Phoebe Is Navigating Autonomously

I’ve been making progress (slowly but surely) thorough the ROS navigation stack tutorial to get it running on Phoebe, and finally reached the finish line.

After all the configuration YAML files were created, they were tied together into a launch file as parameters to the ROS node move_base. For now I’m keeping the pieces in independent launch files, so move_base is ran independently of Phoebe’s chassis functionality launch file and AMCL (launched using its default amcl_diff.launch).

After they were all running, a new RViz configuration was created to visualize local costmap and amcl particle cloud. And it was a huge mess! I was disheartened for a few seconds before I remembered seeing a similar mess when I first looked at navigation on a Gazebo simulation of TurtleBot 3 Burger. Before anything would work, I had to set the initial “2D Pose Estimate” to locate Phoebe on the map.

Once that was done, I set a “2D Nav Goal” via RViz, and Phoebe started moving!
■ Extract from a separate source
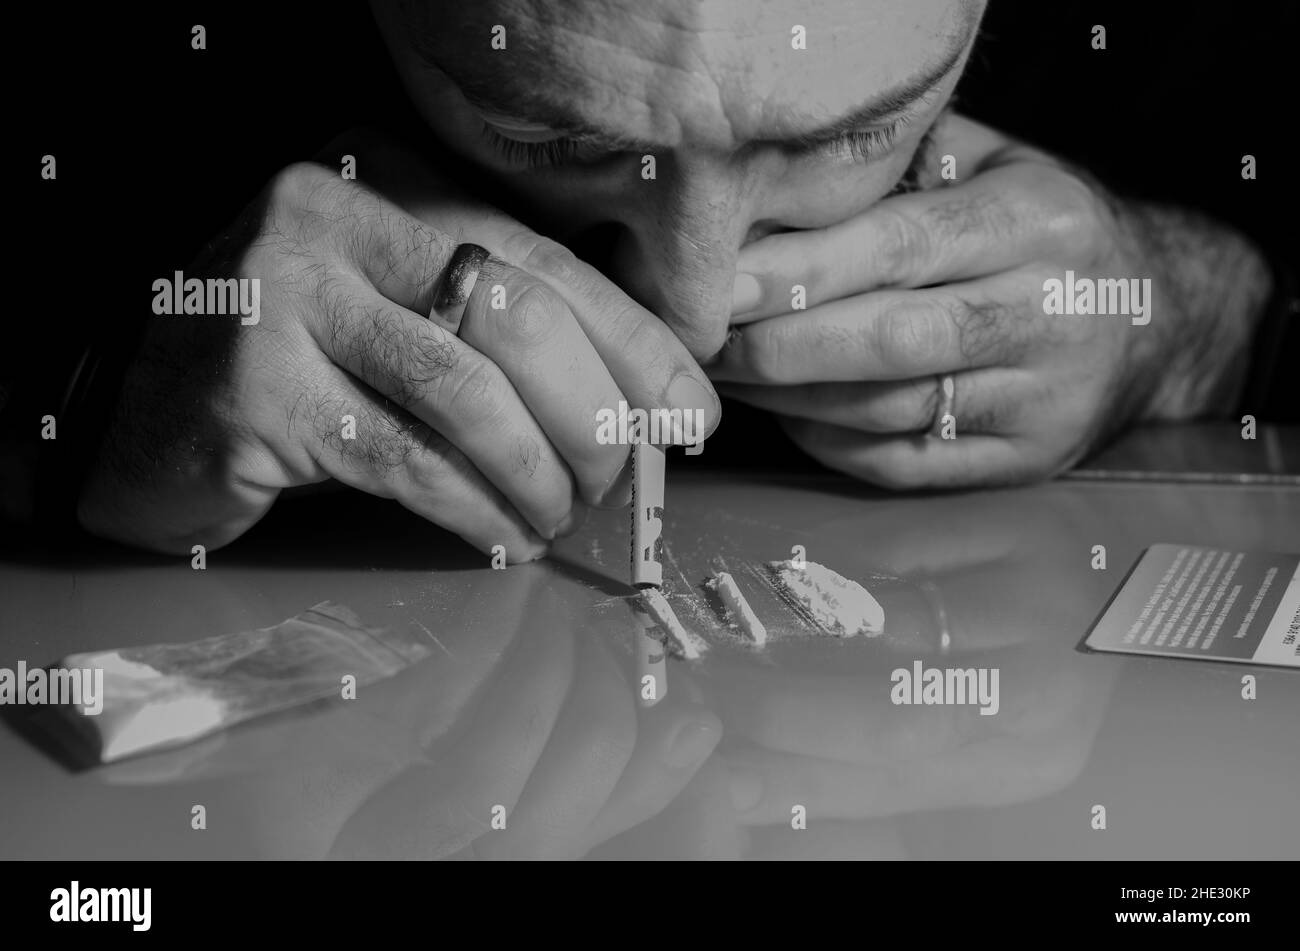 Cet homme ronfle la poudre de cocaïne avec billet de banque roulé.Concept de narcotiques.Version noir et blanc. Banque D'Images

Looking on RViz I could see the map along with LIDAR scan plots and Phoebe’s digital representation from URDF. Those are all familiar from earlier. New to the navigation map is a planned path plotted in green taking account of the local cost map in gray. AMCL contributed the rest of the information on screen, with individual estimates drawn as little yellow arrows and estimated position in red.

Phoebe Nav2D 2

It’s pretty exciting to have a robot with basic intelligence for path planning, and not just a fancy remote control car.

Of course, there’s a lot of tuning to be done before things actually work well. Phoebe is super cautious and conservative about navigating obstacles, exhibiting a lot of halting and retrying behavior in narrower passageways even when there are still 10-15cm of clearance on each side. I’m confident there are parameter I could tune to improve this.
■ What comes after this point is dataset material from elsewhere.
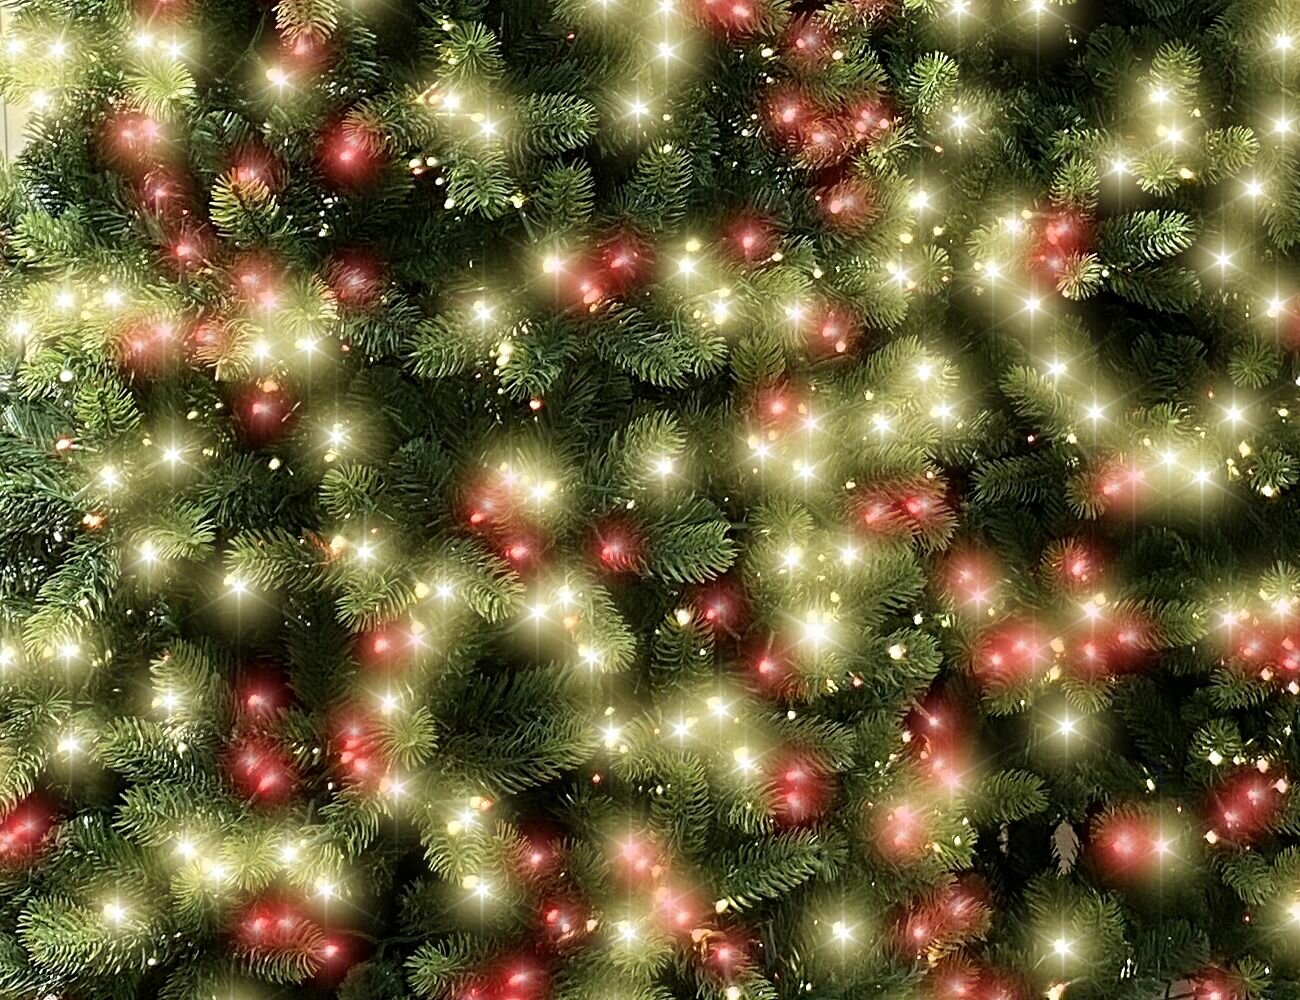 A Perfect Christmas Искусственная стройная елка с гирляндой Джорджия Slim 228 см, 2000 красных/теплых белых ламп, литая + ПВХ 31GEOR228DL

Less obvious are what I need to adjust to increase Phoebe’s confidence in relatively wide open areas, Phoebe would occasionally brake to a halt and hunt around a bit before resuming travel even when there’s plenty of space. I didn’t see an obstacle pop up on the local costmap, so it’s not clear what triggered this behavior.

(Cross-posted to Hackaday.io)

Navigation Stack Setup for Phoebe

rosorg-logo1Section 1 “Robot Setup” of this ROS Navigation tutorial page confirmed Phoebe met all the basic requirements for the standard ROS navigation stack. Section 2 “Navigation Stack Setup” is where I need to tell that navigation stack how to run on Phoebe.

I had already created a ROS package for Phoebe earlier to track all of my necessary support files, so getting navigation up and running is a matter of creating a new launch file in my existing directory for launch files. To date all of my ROS node configuration has been done in the launch file, but ROS navigation requires additional configuration files in YAML format.

First up in the tutorial were the configuration values common for both local and global costmap. This is where I saw the robot footprint definition, a little sad it’s not pulled from the URDF I just put together. Since Phoebe’s footprint is somewhat close to a circle, I went with the robot_radius option instead of declaring a footpring with an array of [x,y] coordinates. The inflation_radius parameter sounds like an interesting one to experiment with later pending Phoebe performance. The observation_sources parameter is interesting – it implies the navigation stack can utilize multiple sources simultaneously. I want to come back later and see if it can use a Kinect sensor for navigation. For now, Phoebe has just a LIDAR so that’s how I configured it.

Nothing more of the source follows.